Satirische Kunst und Familiengeschichte
Als Duo unter dem Namen Gao-Brüder bekannt, erlangten Gao Zhen und sein 64-jähriger Bruder Gao Qiang Anfang der 2000er Jahre Anerkennung für Kunstwerke, die sich mit chinesischen politischen Tabus auseinandersetzen. Ihre Arbeiten thematisierten die Kulturrevolution (1966–1976) und die Niederschlagung der prodemokratischen Demonstrationen 1989 in Peking. Zu den in dem Fall angeführten prominenten Skulpturen gehören 'Mao's Guilt' (Maos Schuld), eine Bronzearbeit, die Mao kniend in Buße zeigt, und 'Miss Mao', die den ehemaligen Führer mit Brüsten und einer Pinocchio-Nase darstellt. Ein weiteres Werk, 'The Execution of Christ' (Die Hinrichtung Christi), zeigt Bronzefiguren von Mao, die auf Jesus zielen. Die Kritik stand in direktem Zusammenhang mit ihrem persönlichen Hintergrund: Während der Kulturrevolution wurde ihr Vater als Klassenfeind von den Roten Garden inhaftiert und starb in Haft – ein Tod, den die Familie stets als nicht selbstverschuldet betrachtet hat.
- China erlässt das Gesetz zum Schutz von Helden und Märtyrern
- Gesetz mit strafrechtlichen Sanktionen für die Verunglimpfung von Märtyrern ergänzt
- Gao Zhen emigriert von China in die Vereinigten Staaten
- Polizei nimmt Gao während eines Familienbesuchs in seinem Pekinger Kunststudio fest
- Chinesische Staatsanwälte erheben formell Anklage gegen Gao
- Das Volksgericht der Stadt Sanhe führt einen eintägigen Geheimprozess durch
- Gericht verurteilt Gao zur Höchststrafe von drei Jahren Haft
- Voraussichtliches Ende von Gaos dreijähriger Haftstrafe
Geheimprozess und Ausreisesperren
Die chinesische Polizei nahm Gao im August 2024 fest, als dreißig Beamte während eines Familienbesuchs sein Atelier in Peking betraten. Die Staatsanwaltschaft erhob im Juni 2025 formell Anklage, was zu einem eintägigen Geheimprozess im März 2026 führte, bei dem seine Familie und westliche Diplomaten keinen Zutritt zum Gerichtssaal hatten. Nach seiner ersten Festnahme verhängten die chinesischen Behörden Ausreisesperren gegen Gaos Frau Zhao Yaliang und ihren siebenjährigen Sohn, der US-Staatsbürger ist, und hinderten sie daran, China zu verlassen.

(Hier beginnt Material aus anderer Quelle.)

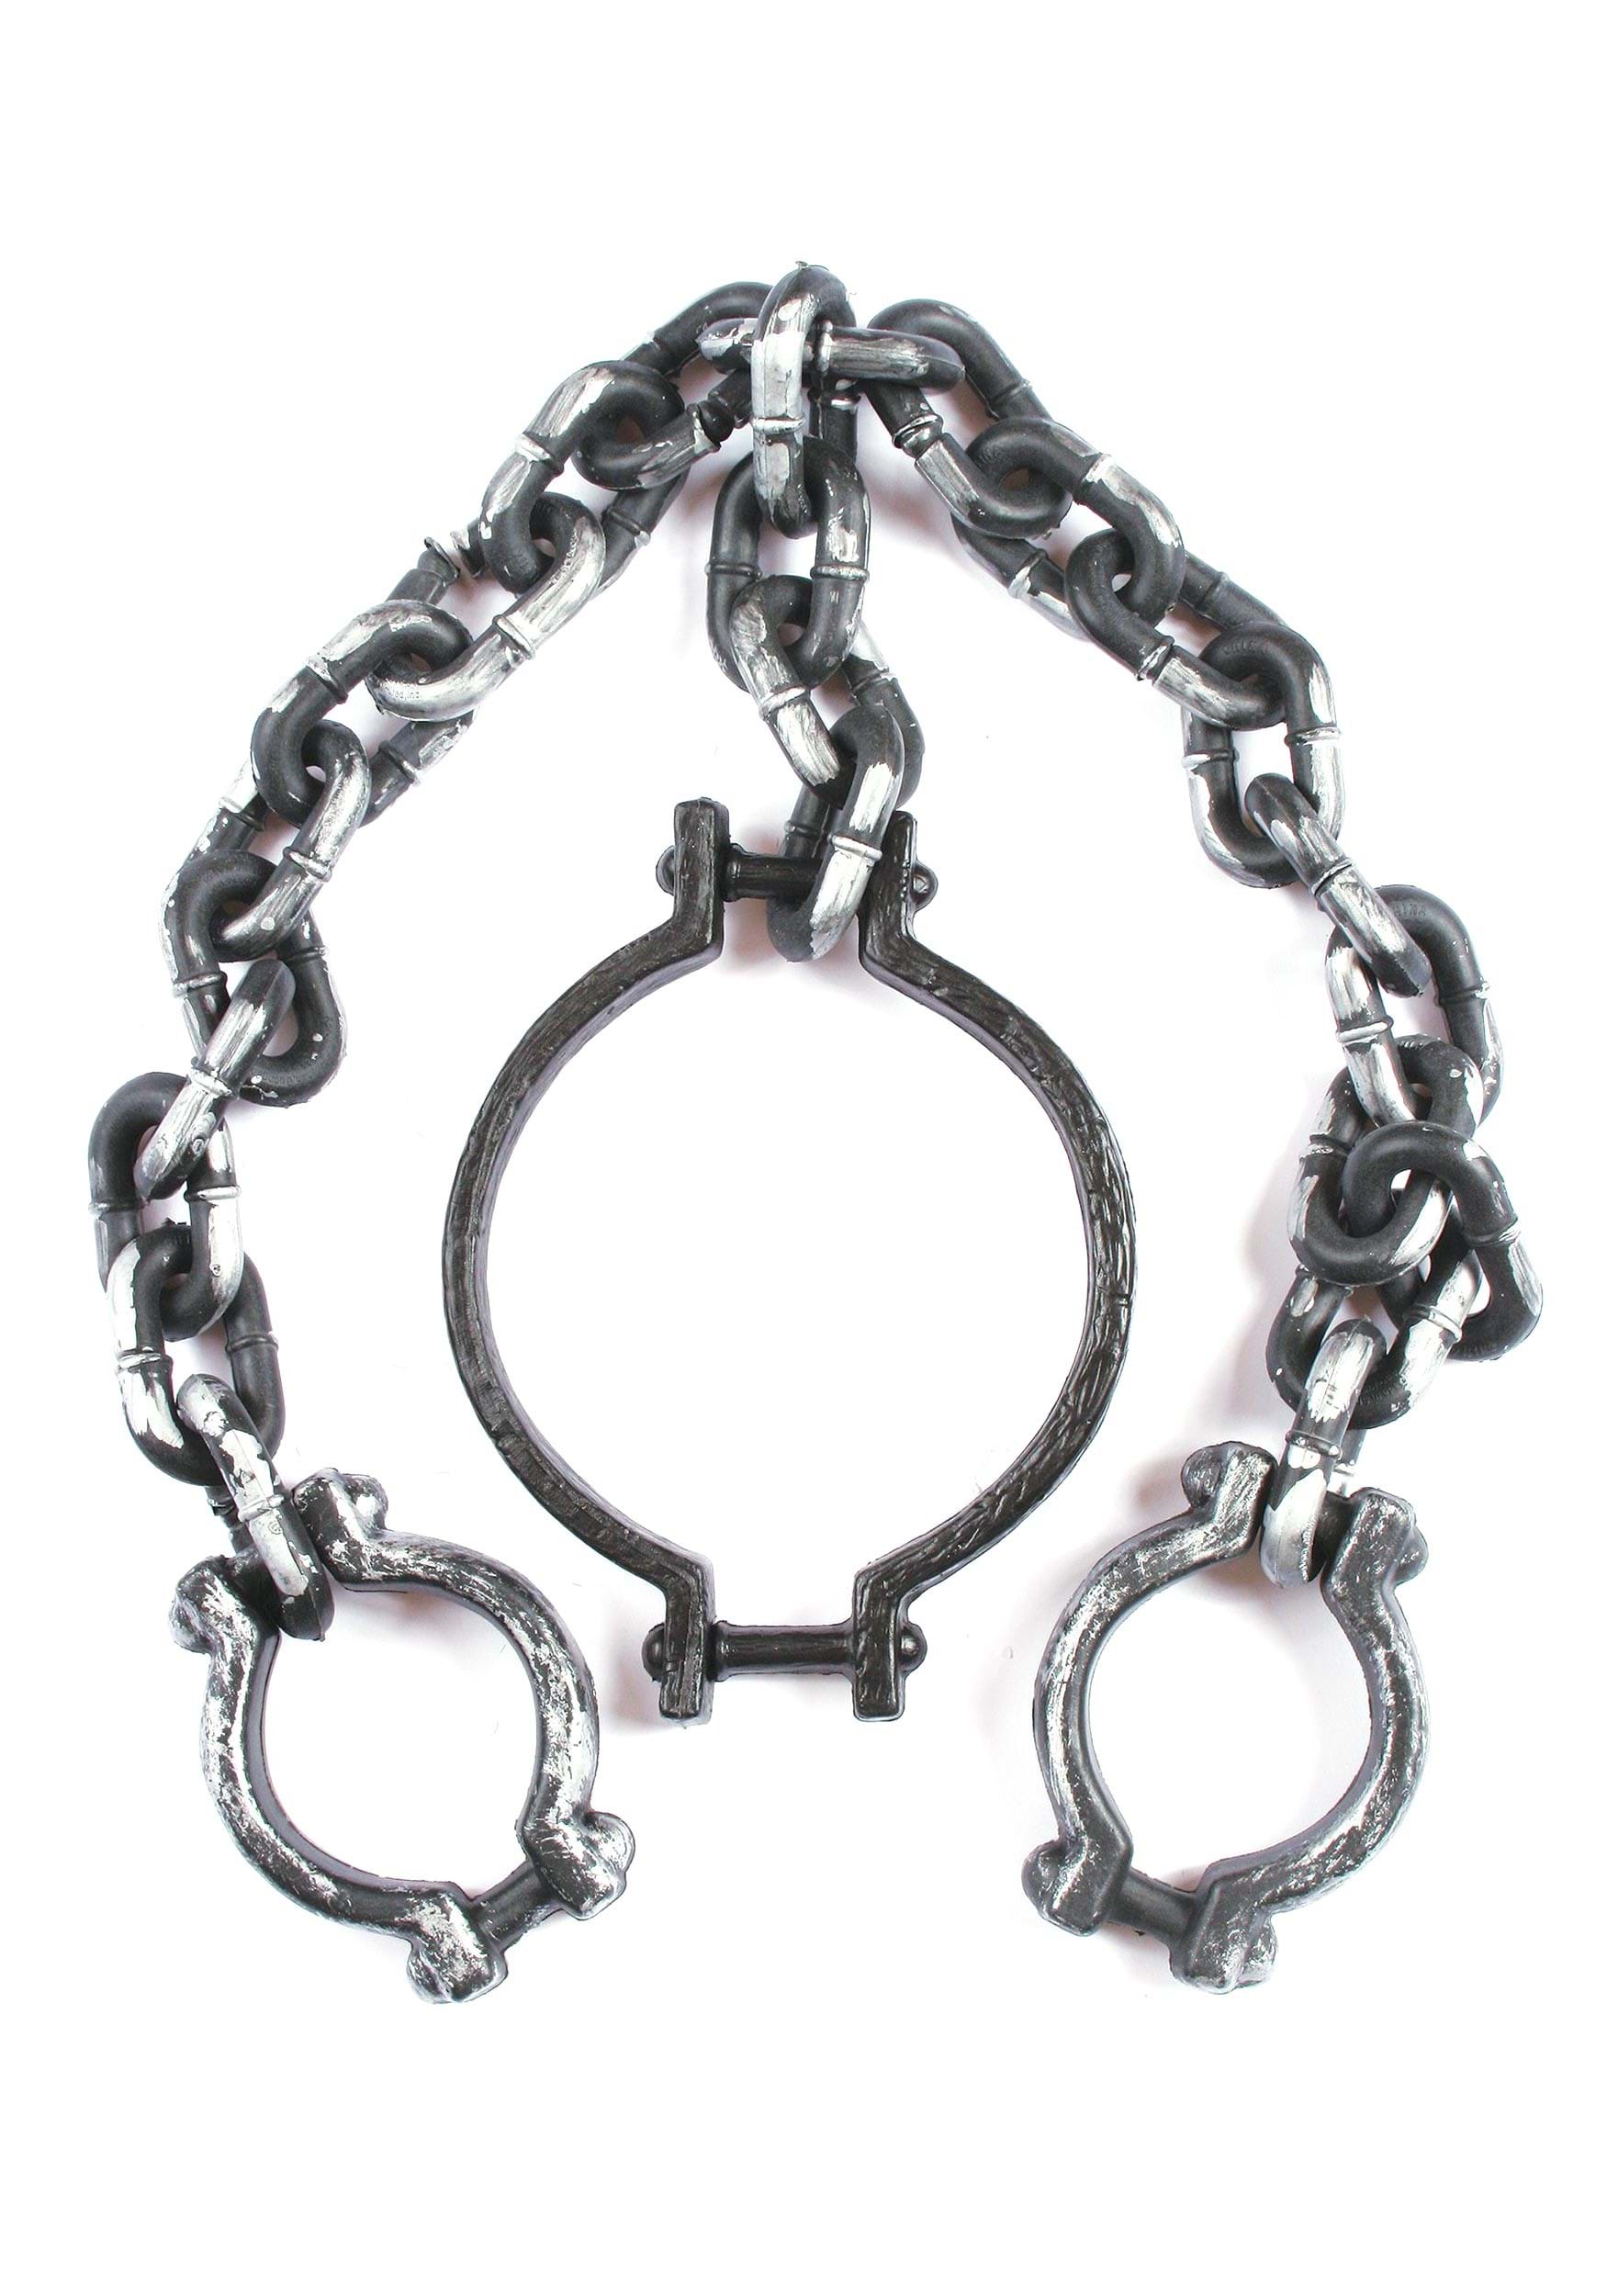 Shackle And Leash With Chain

Zhao erfuhr das endgültige Urteil direkt durch Gaos Verteidiger.
Seit ich von dem Urteil erfahren habe, habe ich mich nicht davon erholen können... Es ist niederschmetternd.
Internationale Verurteilung und geplante Berufung
Rechtsanwälte, Menschenrechtsorganisationen und UN-Vertreter verurteilten die rückwirkende Strafverfolgung. Der UN-Hochkommissar für Menschenrechte Volker Türk forderte die chinesischen Behörden auf, Gao sofort und bedingungslos freizulassen. Amnesty International und Chinese Human Rights Defenders kritisierten die Strafe als Versuch, unabhängigen künstlerischen und historischen Ausdruck zu unterdrücken, während Gaos Familie bestätigte, dass sie Berufung gegen das Urteil einlegen werde.
Kein Künstler sollte kriminell bestraft werden, weil er Werke schafft, die offizielle Narrative in Frage stellen oder zur kritischen Reflexion der Geschichte anregen.
Indem sie ein Gesetz rückwirkend anwenden und einen Geheimprozess führen, der sogar seine eigene Familie ausschließt, haben die chinesischen Behörden genau gezeigt, wie wenig rechtsstaatliche Verfahren sie zu gewähren bereit sind.